25 may 2014

My childhood in the barbaric Southern Cone





The first memories from my childhood redirect me to a singular scenery:

our house was like a turd alone in the middle of Patagonia, no light, no gas, no water, no nothing, I was sure a witch would come running across the steppe, enter through the window of my room and attack me, or eat me alive, at least.

Actually it wasn't "my room", but the room, because we were family of 8, and had one only bed.

The walls were made of this thing, carton, so when the Antarctic blizzards blew wild and free in the middle of the godless winter the house waved like a fucking flag, we all family, who were inside, were shaken with the house like puppets hanging at a carromato of circus.

The roof was blew off by the wind 3.008 times in the course of 5 or 6 years, I counted them.
The only TV channels we could watch on our Stromberg Carlson were TV2 Tierra del Fuego and a rural channel from the Falkland Islands, mostly documentaries about sheep in robotic British English and "western films" in black & white with subtitles in Selk'nam.
All the apparatuses had to be connected to an engine called telestabilizador, fueled with kerosene.

Siblings and I went to school walking once a week, if there wasn't much ice. School was at 1 kilometre, in the middle of the desert, teacher was actually insane, her name was Cesarea Menotti, she didn't teach us shit, but forced us to drink liqueur and see the photographs of her family during 8 hours.




Mom was a housewife, but we could see dad once a month only, because he lived in town, and he worked as municipal waker. He walked all over town early every morning with a long stick, knocking at every window with it, and shouting until everybody was awake.
This very useful service of municipal wakers was decreed in 1.950 by Juan PERON.

Our daily dinner consisted of a plate of raw macaroni and a large cup of steam, sometimes when we could defrost the door and bicycle 15 km through the 90 cm of snow that covered the road, we went to town and had rancid bread for a week.
The bathroom was out of the house, at 50 metres, it was a vertical cabinet or latrine dedicated to the defecation. Mom told us to call it lavabo, but we called it cloaca, orinal or retrete.

When we were ill, Dr.
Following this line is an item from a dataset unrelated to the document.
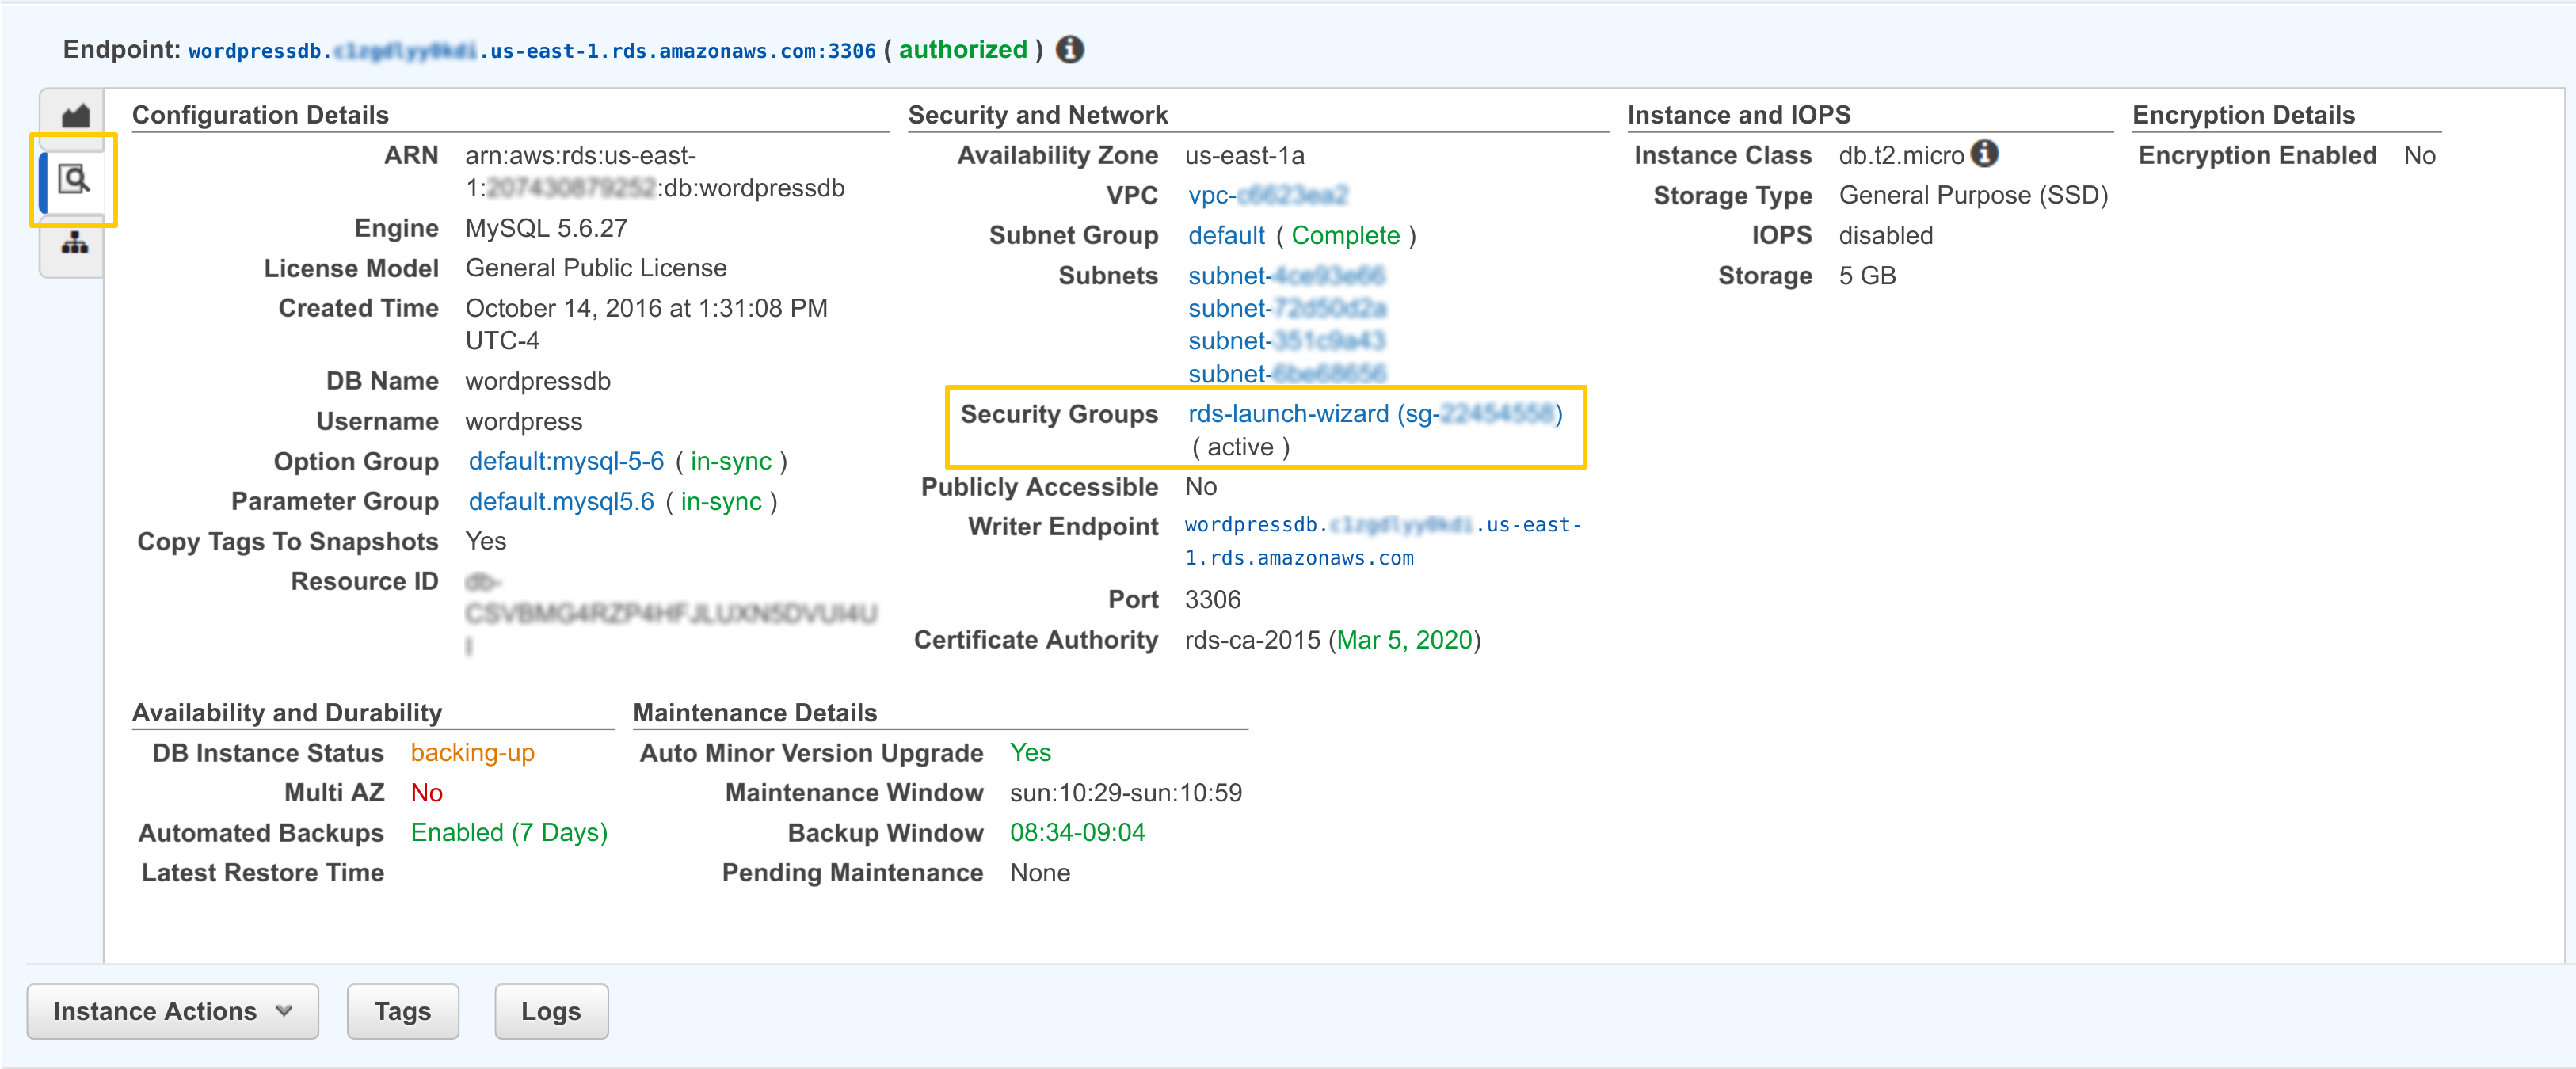 Elastrix Cloud Computing Blog | Setting up an external RDS database
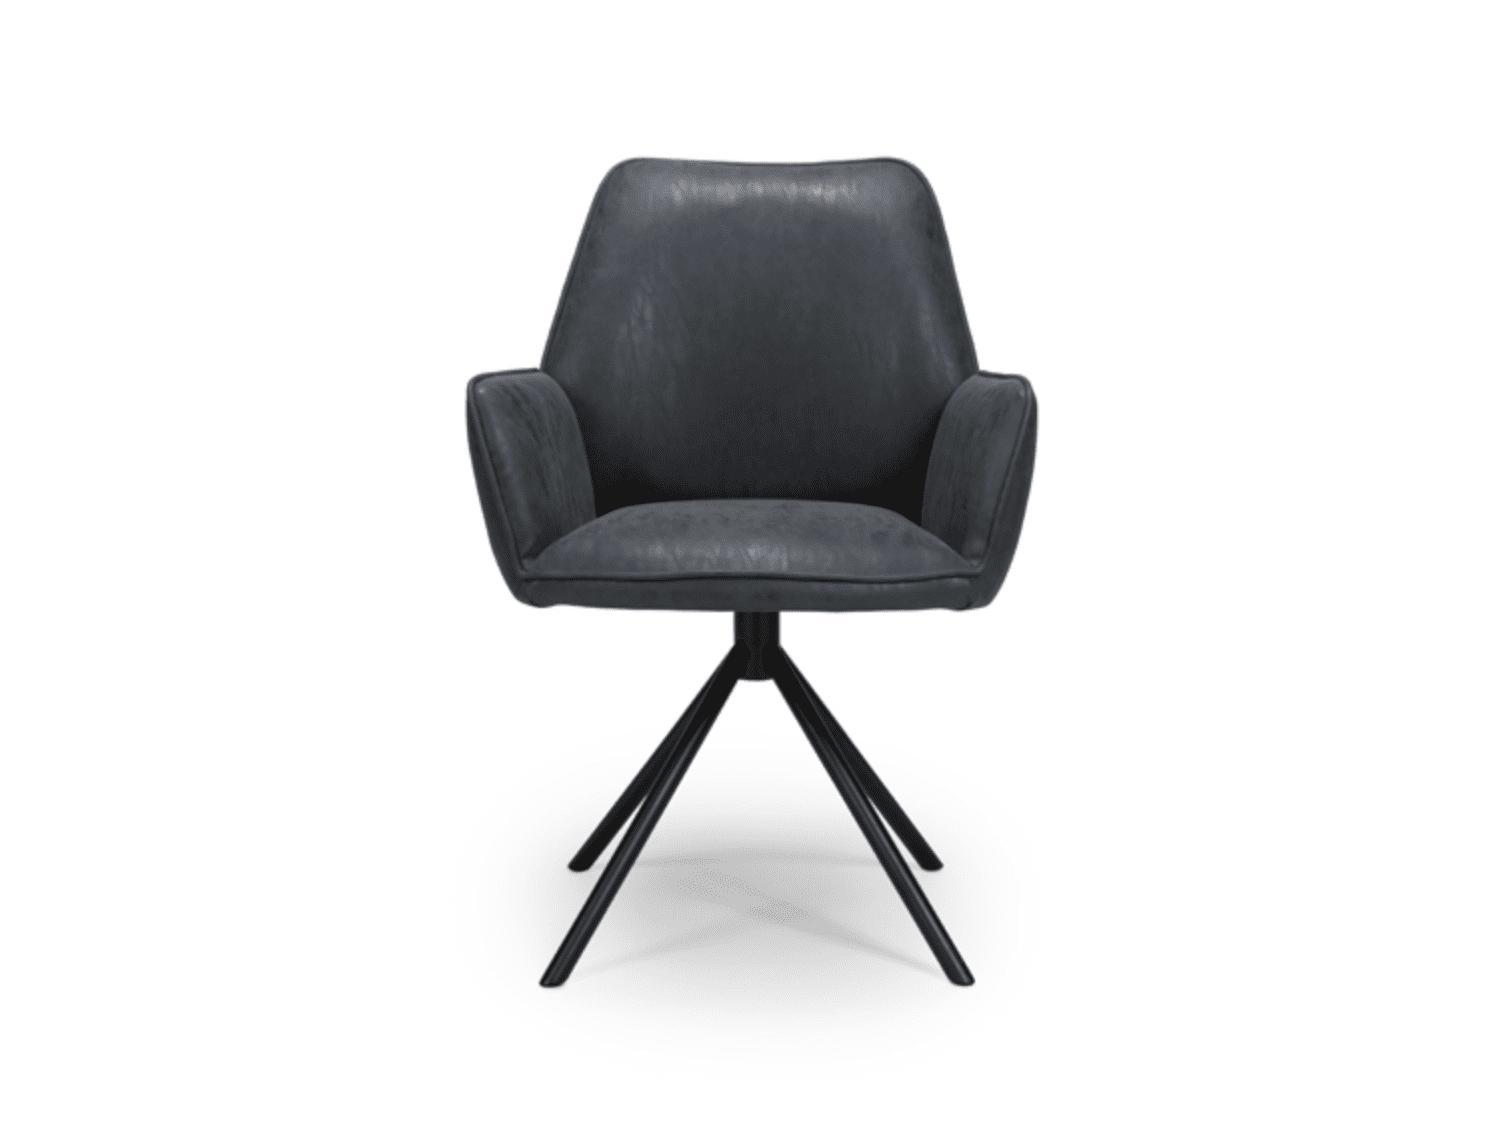 UNO chair wax grey

Meringue visited our domicile and prepared a magical beverage with hot curdled milk and coagulated sugar called emplasto.

Unfortunately, the service that offered transport to town hauled by ñandu was too expensive and we couldn't afford it.




As we hadn't much entertainment, we diverted ourselves with energizing sessions of kicks in the ass from May to October, because the temperature outdoors oscillated from -30ºc to -50ºc approximately.

During the inclement month of July, especially, we dedicated the days to hibernate and accumulate a thick patina of subcutaneous lard in order to endure the sub-polar and insistent atmospheric element.


While the abbreviated and yet icy summer allowed us (first half of January), we commerced with the natives, mostly Mapuche, reason why we had to learn Mapudungun, a language saturated with fricative spasms and brusque interdental sounds

we gave them dynamite, astrolabes, heavy water and triquitraques
they gave us papa, llamas anus soup, ñame and cheese of tree.

Those were in fact the only weeks when we properly ate, no matter what.
The answer to our permanent question "Mom, will we dine today?" was invariably the same: "Eat that question".

This is when mom chased a penguin, we named it "Cucusita", mom trained the intelligent palmiped to catch balls and shoes and paparruchas in the air, in order to take it to the TV and get some money out of the animal, but finally "Cucusita" -surely envisioning our terrible intentions- escaped in advanced state of denutrition while we prepared the oven to roast it.




In spite of these mutual transactions, the natives regarded us with displeasure, antipathy and aversion, this is why they used to throw compact boluses of crap on our roof, and painted the front of our house with derogatory words of insult and abuse using pintura Albalatex.

Fortunately in 1.970 mom won the lottery and we could buy a Torino (also called Torinacho), 900 kilos of Terrabusi cookies and 1300 litres of Toddy. With these victuals we survived three years.

To get some money I was engaged -against my will- to work for a local clown, Firulete, we formed the duet Firulete & Cañito, and we performed our routine in different circuses of Río Gallegos, Fitz Roy, Alto Río Senguerr, and other phantasmal towns, but Firulete was alcoholic and fetishist and tried to pervert me, so I ran away through the pipeline of the toilet.




Still, one of my fondest memories is when, in summer, mom and dad entertained us playing international danceable rhythms from any country, say, Polka, Tango, Cajun, Cha-Cha-Cha, Pasodoble, Ranchera, Chamamé, Boogie-Woogie, Tarantella, Reggae, Muiñeira and other amenities. We tried to dance to it, to no avail, due to our ill-nurtured contexture and constant loss of consciousnesses.[sic]




And all this happened before we endeavored the hardest endeavor (precisely): traveling to the Spanish Sahara in our Torino, also using amphibious dispositives to cross the ocean, like escafandra and tubo de oxígeno


But that's another historia, Gloria.